The most challenging assignment in this search for individuality comes from the understanding of the fact that the contemporary urban youths are concerned with cultural identity, and their individual uniqueness is mingled up with emotion and mere sentiment for technologically refined heroes rather than traditional or cultural heroes. This subconscious conflict has created a consumptive society that is easily bored with
the monotony of daily events and desires an escape medium through a model or leader that is out of this world to usher in
a new trend or façade that will keep them elusive.
This ideal is often the subtle underlying thought pattern that pervades the comic books, which substitute mystery, magic, religion, and witchcraft, for genetic mutation, test tube babies, technological fantasy, mutants and DNA alternation. That is why Super Man could fly high in the sky when,
traditionally, witches are well known to have the capacity for flying in the night with
a broomstick or otherwise.

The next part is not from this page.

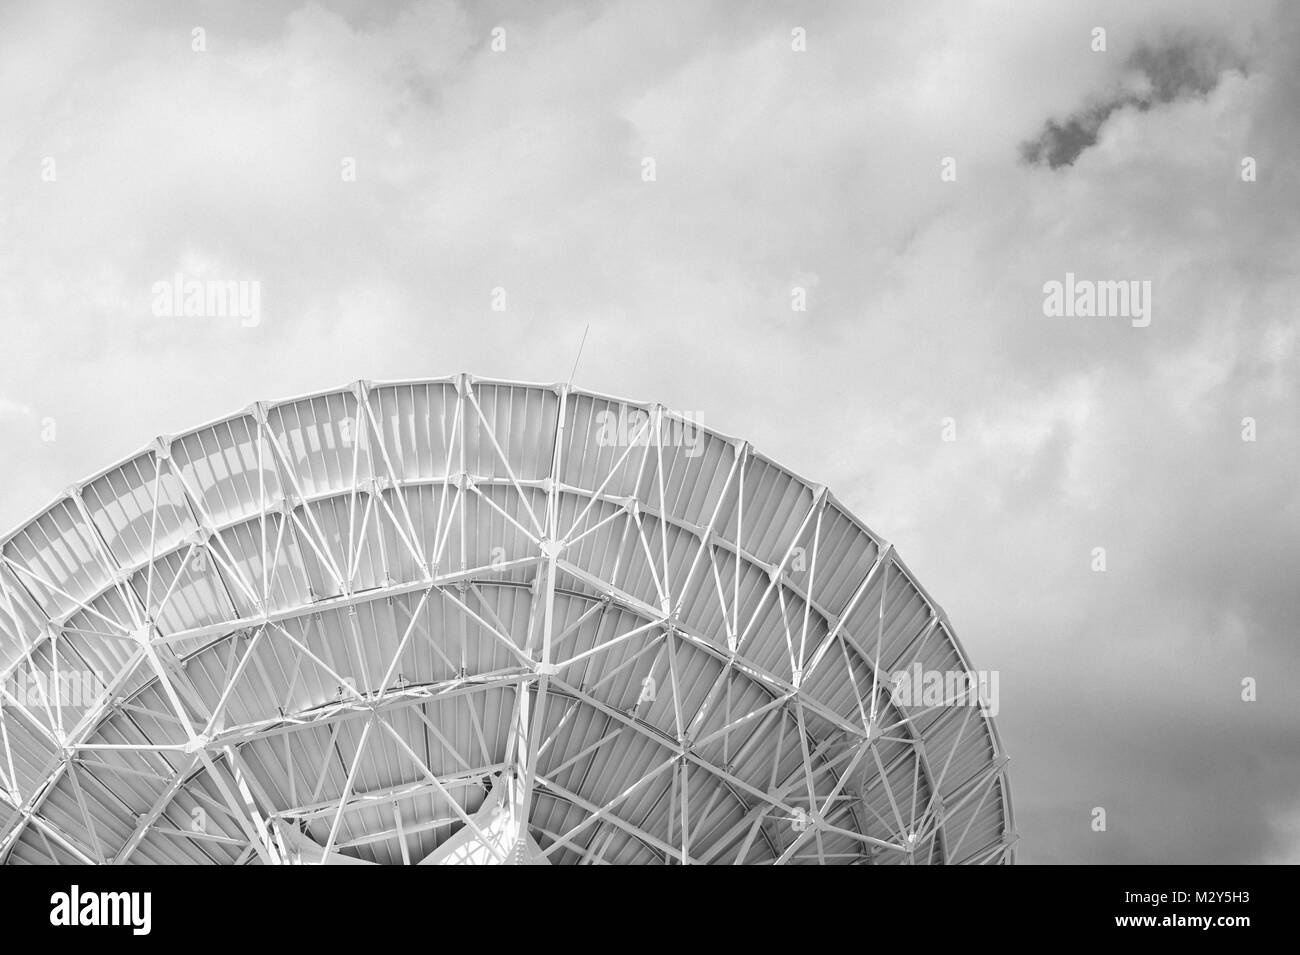 Bianco & Nero fotografia di un grande array (VLA) Radio Telescope situato presso il National Radio Astronomy Observatory Sito in Socorro, Nuovo Messico. Foto Stock

All of these describe certain attributes that
ensure comic book super heroes are, supposedly, not too human because they
have undergo certain processes that are unusual and perhaps can neither be regarded as deities or epic heroes because they have no place in the pantheon of the gods like the Greeks’ “Zeus” or the Yorubas’ “Sango”.
However, it is important to understand that super heroes’ invulnerability also helps to prove that which is moral, just and good; in essence what is lacking in the consumptive society is ever present their fantasy; their constant battle for justice to prevail, knowledge and understanding of scientific involvement and self control. Besides, an average villain in a comic story is a typical representation of an average society that has problem more within himself than outside himself, its quest for power, greed, aggressive and full of prejudices. These- feud, schism, revenge and jealousy are actually similar forces that motivate even the Greek/ African classical super heroes.
The reason for this re-evaluation is that feud, rebellion, revolt or schism are actually the oldest and most ancient paradigms that define that which is good from what is wrong.
It may be right to say that what makes one a super hero is as a result of another character’s fault or misinterpretation of what is the norm, from the society’s
point of view, and not necessarily doing what is wicked. In essence there is no power without weakness and no weakness without
power but, just like the Spider Man’s slogan - “with great power comes great responsibility”
there is the indication that every super hero, (either in African oral tradition, the Greek custom, comic books or the contemporary society) owes their community certain responsibilities, especially to make the consumptive society fully mature under this influence, because super heroism is more of social circumstance than a function of individuality.